Florida State University's Research Computing Center, a high-performance computing lab that has no dedicated DBAs, is using the database. The center's interim director, Paul Van Der Mark, praises its performance on massive data sets and calls it a good choice for less-technical users. One faculty member had never performed an SQL query before, he said.
Database Analytics Capabilities
Database vendors are adding more analytics capabilities as they try to help customers struggling with increasingly large and diverse data streams.
The new analytic workloads are more complex than the typical business intelligence (BI) use case, notes database pioneer Michael Stonebraker, an adjunct professor at MIT's Computer Science and Artificial Intelligence Laboratory.
Internet advertisers want to know how women who bought an Apple computer differ from women who bought a Ford pickup, and the most profitable ads to present to each, for example.

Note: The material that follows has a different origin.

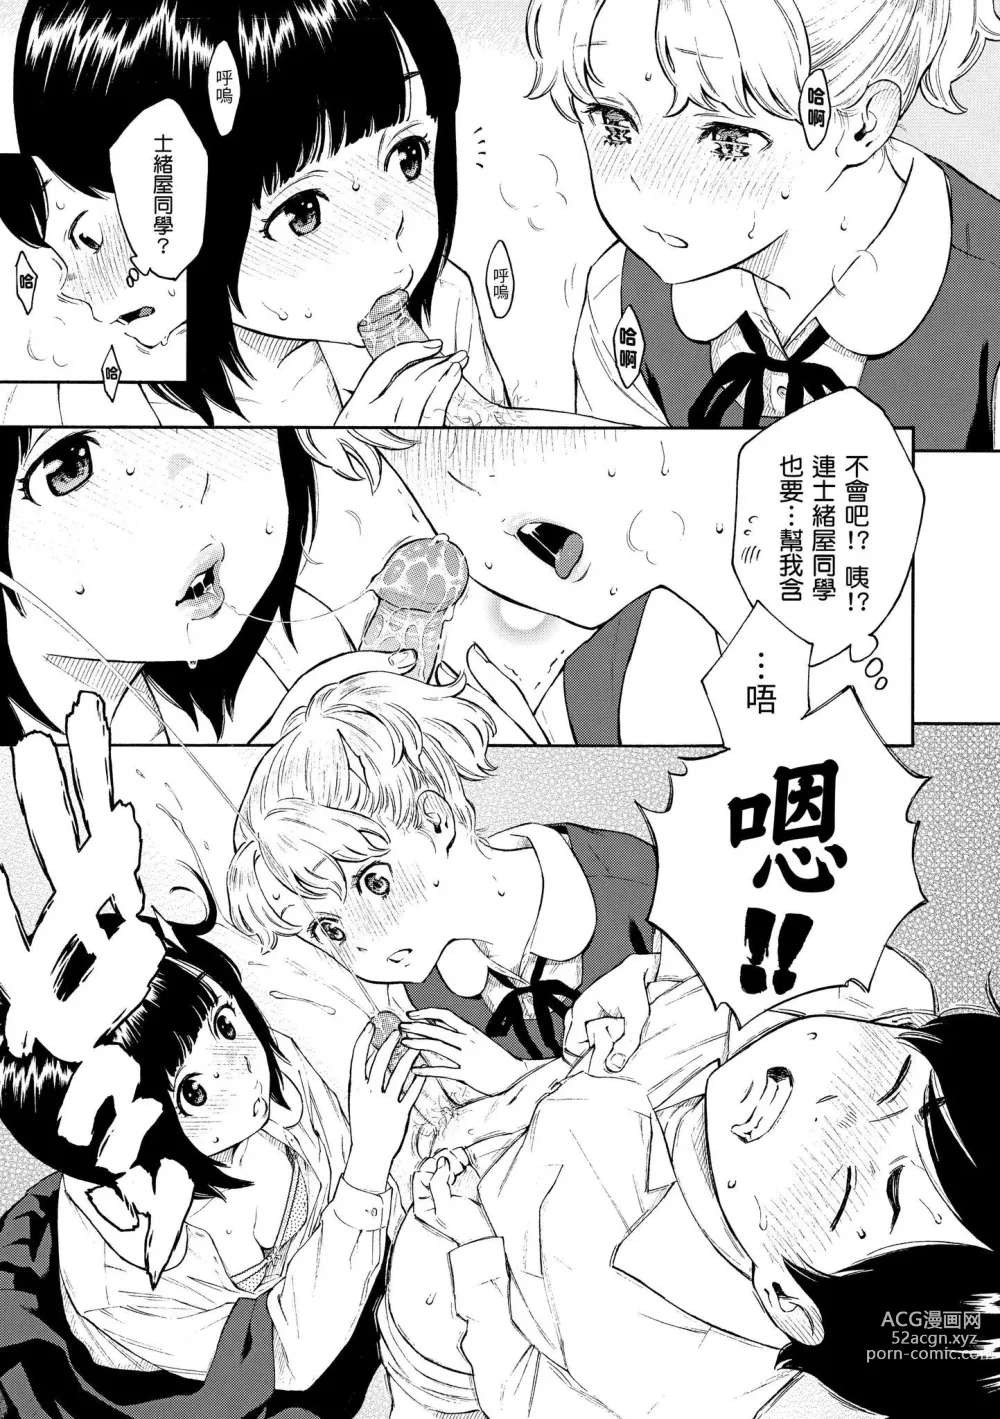 Page 214 of manga 放學後的香草女孩 (decensored)
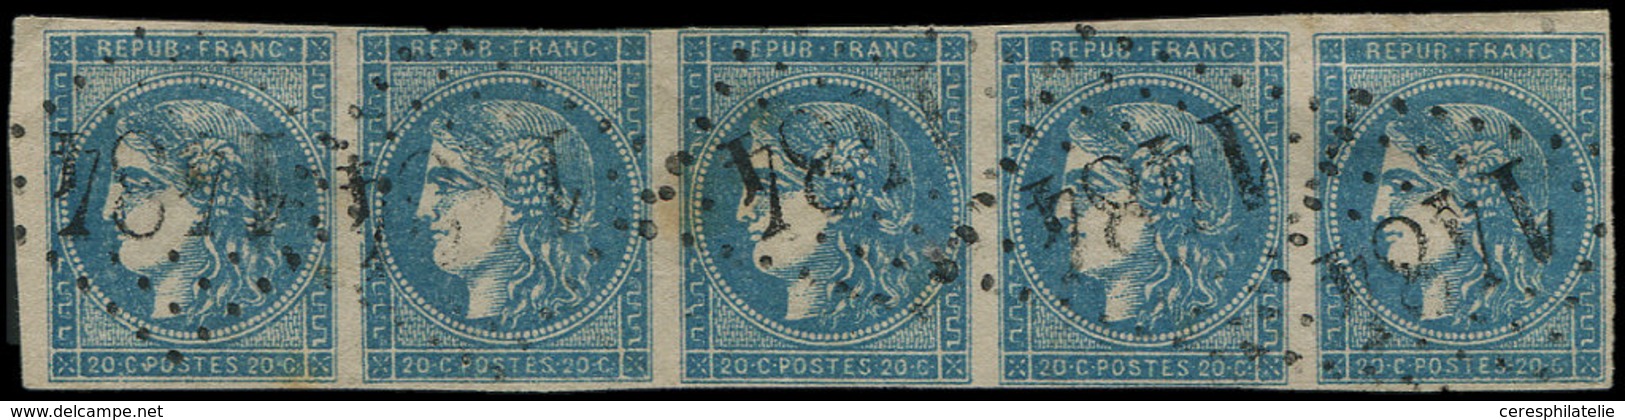 EMISSION DE BORDEAUX - 45C  20c. Bleu, T II R III, BANDE De 5 Obl. GC 1484, Filet Effleuré S. 2e T., RR En Bande, TB, Co - 1870 Ausgabe Bordeaux

Yet analytics platforms are in a "wild West" phase, and "all solutions we know of have scalability and performance problems," he writes in his Readings in Database Systems or "Red Book" analysis.
OLAP + OLTP = HTAP
Not too long ago, a database could process transactions or perform analytics, but not both and certainly not at the same time. But new systems have OLAP (online analytical processing) and OLTP (online transaction processing) running simultaneously, a function called hybrid transaction/analytical processing (HTAP).
Gartner coined the HTAP moniker and outlined four key benefits: data doesn't have to move from operational databases to data warehouses; transactional data is readily available for analytics when created; drill-down from analytic aggregates always points to fresh HTAP application data; and you eliminate or at least reduce the need for multiple copies of the same data.
APIs and Data Accessibility
Application programming interfaces have become the way of the world, with even once-considered-laggard federal agencies using APIs to make their databases more available to researchers and developers in projects such as openFDA.
Predictive APIs are becoming the latest thing, harnessing machine learning to delve into the new world of artificial intelligence.